La solution est simple, mais néanmoins ingénieuse. Un faisceau de protons se déplaçant en ligne droite ne peut être décelé par l'oeil humain, mais, si sa trajectoire est incurvée d'une certaine quantité, une lumière visible est émise: le rayonnement synchrotron. Les aimants de courbure normaux ne peuvent être utilisés à cette fin qu'à des énergies de faisceau très élevées (environ 2 TeV). Or, lors de l'injection (lorsque le faisceau est envoyé dans l'accélérateur), l'énergie est plus faible. Après examen de plusieurs possibilités, la solution a été trouvée sous la forme d'un dispositif appelé «ondulateur». Mesurant seulement un dixième de la taille des dipôles, les deux ondulateurs construits n'occuperont que 3 mètres sur les 27 kilomètres de l'anneau du LHC. Chaque ondulateur contient une série d'aimants supraconducteurs produisant des champs alternés de 5 teslas qui feront onduler le trajet du faisceau. Le rayonnement synchrotron émis se déplacera en ligne droite jusqu'aux miroirs en silicium placés à des points spécifiques dans les chambres à vide de l'accélérateur. La lumière sera réfléchie par les miroirs sur deux télescopes, équipés de caméras suffisamment rapides pour saisir les images du rayonnement synchrotron venant de face (voir le diagramme). Le profil de chaque paquet de particules dans le faisceau et les changements de position du faisceau pourront donc être déduits des images. Un ondulateur est prévu pour chacun des deux faisceaux, qui circuleront en sens opposé dans le LHC.


Configuration du système de détection du faisceau au Point 4 du tunnel LHC.

Simple sur le papier, la réalisation de cette technologie est une réelle prouesse, qui a nécessité de faire appel aux compétences de plusieurs départements. Le projet a été lancé et financé par le groupe Instrumentation de faisceau (AB/BI), qui a également construit tous les systèmes optiques et électroniques nécessaires pour la capture du rayonnement synchrotron, avec l'aide des groupes Ingénierie mécanique et des matériaux (TS/MME) et Vide (AT/VAC). La conception et la construction des ondulateurs ont été entièrement menées à bien au CERN, sous la responsabilité du groupe Aimants, cryostats et supraconducteurs (AT/MCS), en collaboration avec les groupes Cryogénie pour accélérateurs (AT/ACR) et Vide (AT/VAC). Le matériel a été réalisé par l'atelier principal du CERN (TS/MME) et par l'atelier des aimants supraconducteurs (AT/MCS/ME).

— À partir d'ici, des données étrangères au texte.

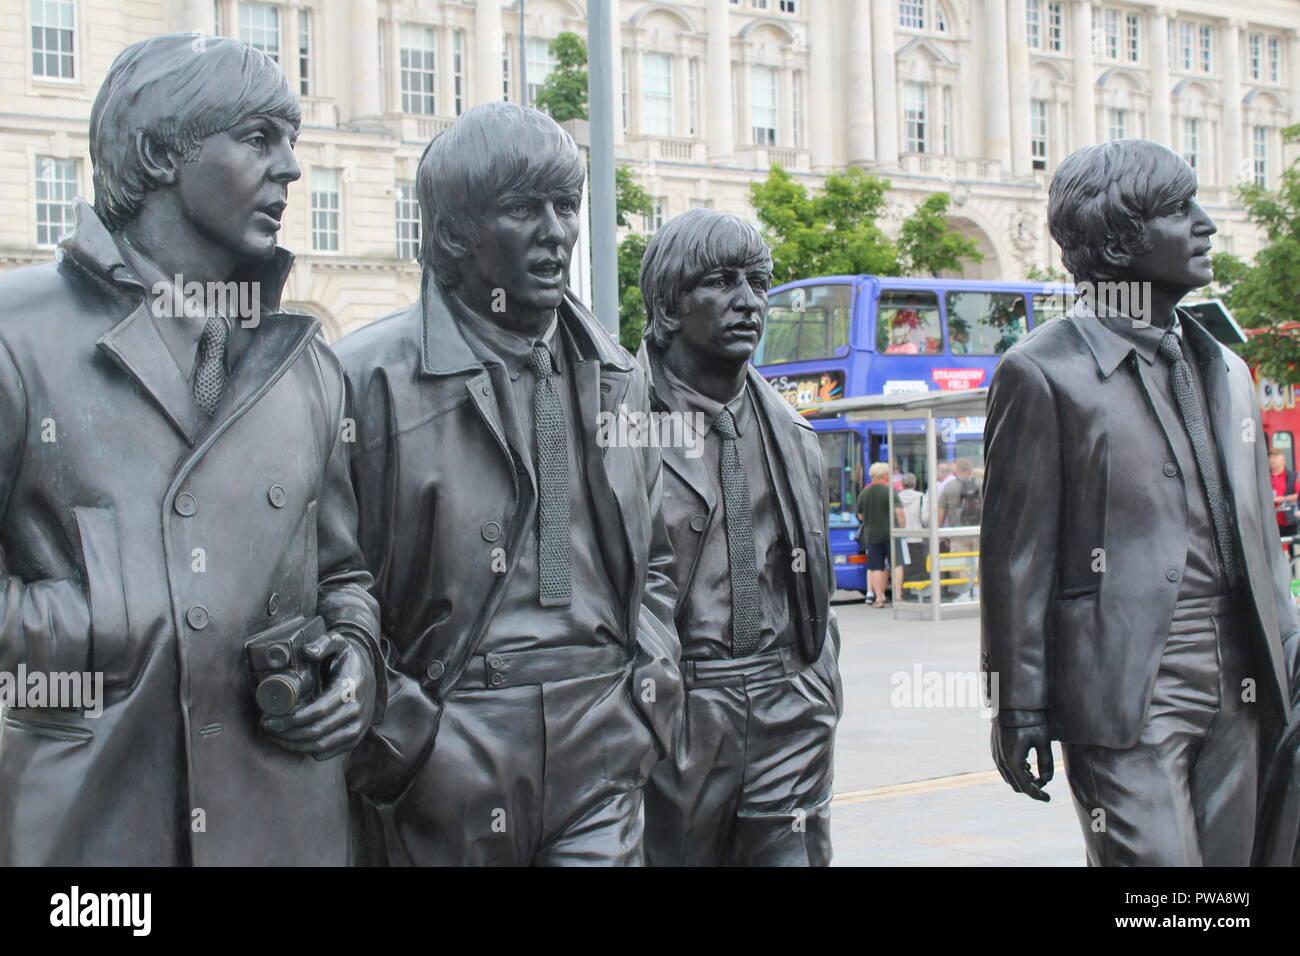 La estatua de los Beatles en Liverpool Albert Dock. Famoso monumento a John, Paul, George Harrison y Ringo Starr (the Fab Four) Foto de stock
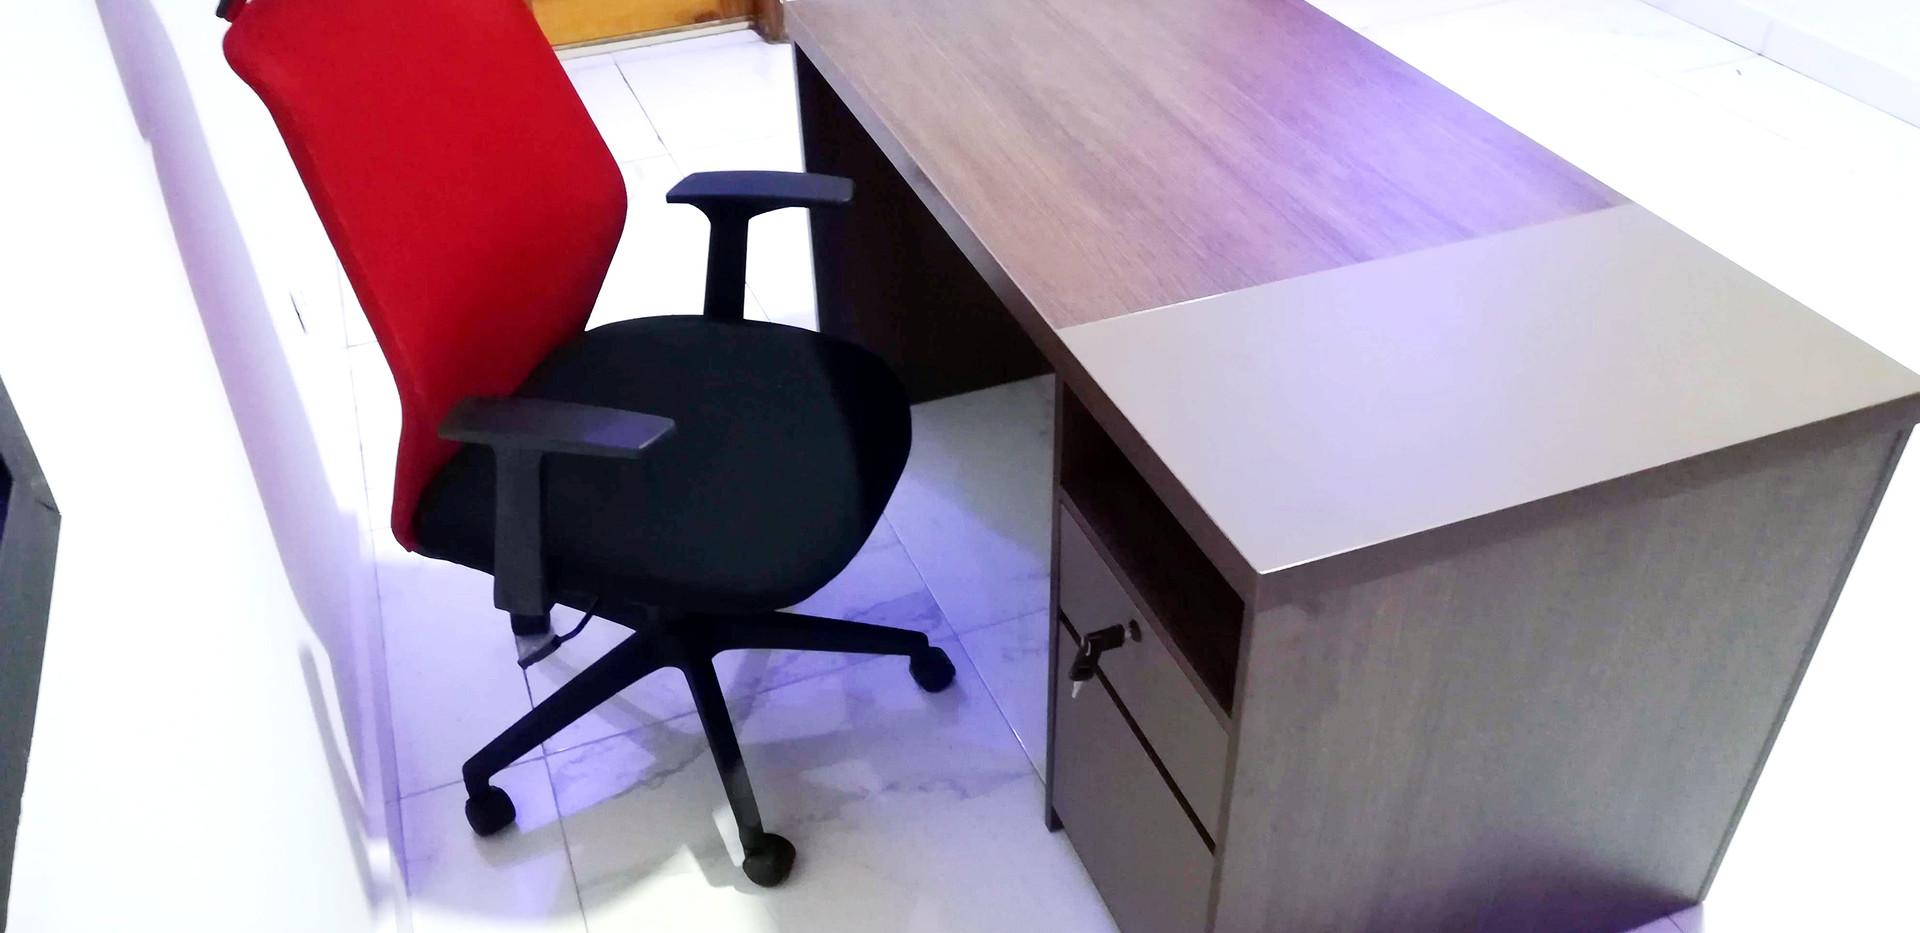 Siège ergonomique

Les deux ondulateurs ont été installés dans le tunnel du LHC le 21 novembre au Point 4 (IR4) près d'Echenevex, en France. Les aimants des ondulateurs ont été testés avec succès par le groupe Essais et mesures d'aimants (AT/MTM) avant d'être installés et ils sont maintenant prêts pour la mise en service du LHC.

Un record pour un ondulateur supraconducteur

L'utilisation d'un détecteur de profil par rayonnement synchrotron pour le LHC a été longuement débattue car les exigences imposées à l'ondulateur supraconducteur semblaient trop contraignantes. En particulier, la compacité requise pour reproduire un profil de faisceau de grande précision, associée à la grande ouverture nécessaire pour l'optique du faisceau, exige une exploitation à une intensité de courant et à un champ magnétique très proches de la limite critique de la zone supraconductrice. En raison de l'important rapport entre l'ouverture de l'aimant (60 mm) et la période (280 mm), un champ magnétique de 8 teslas doit être obtenu aux pôles des aimants: un tel champ n'avait jamais été atteint par le passé avec des bobines imprégnées en NbTi fonctionnant à 4,5 K. Pour relever ce défi, on a recouru à un mode de fabrication proche de celui des montres suisses, pour lesquelles tous les éléments sont construits, puis assemblés avec une précision micrométrique, ainsi qu'à des solutions originales. Les bobines supraconductrices seront ainsi extrêmement stables malgré les éventuelles petites perturbations.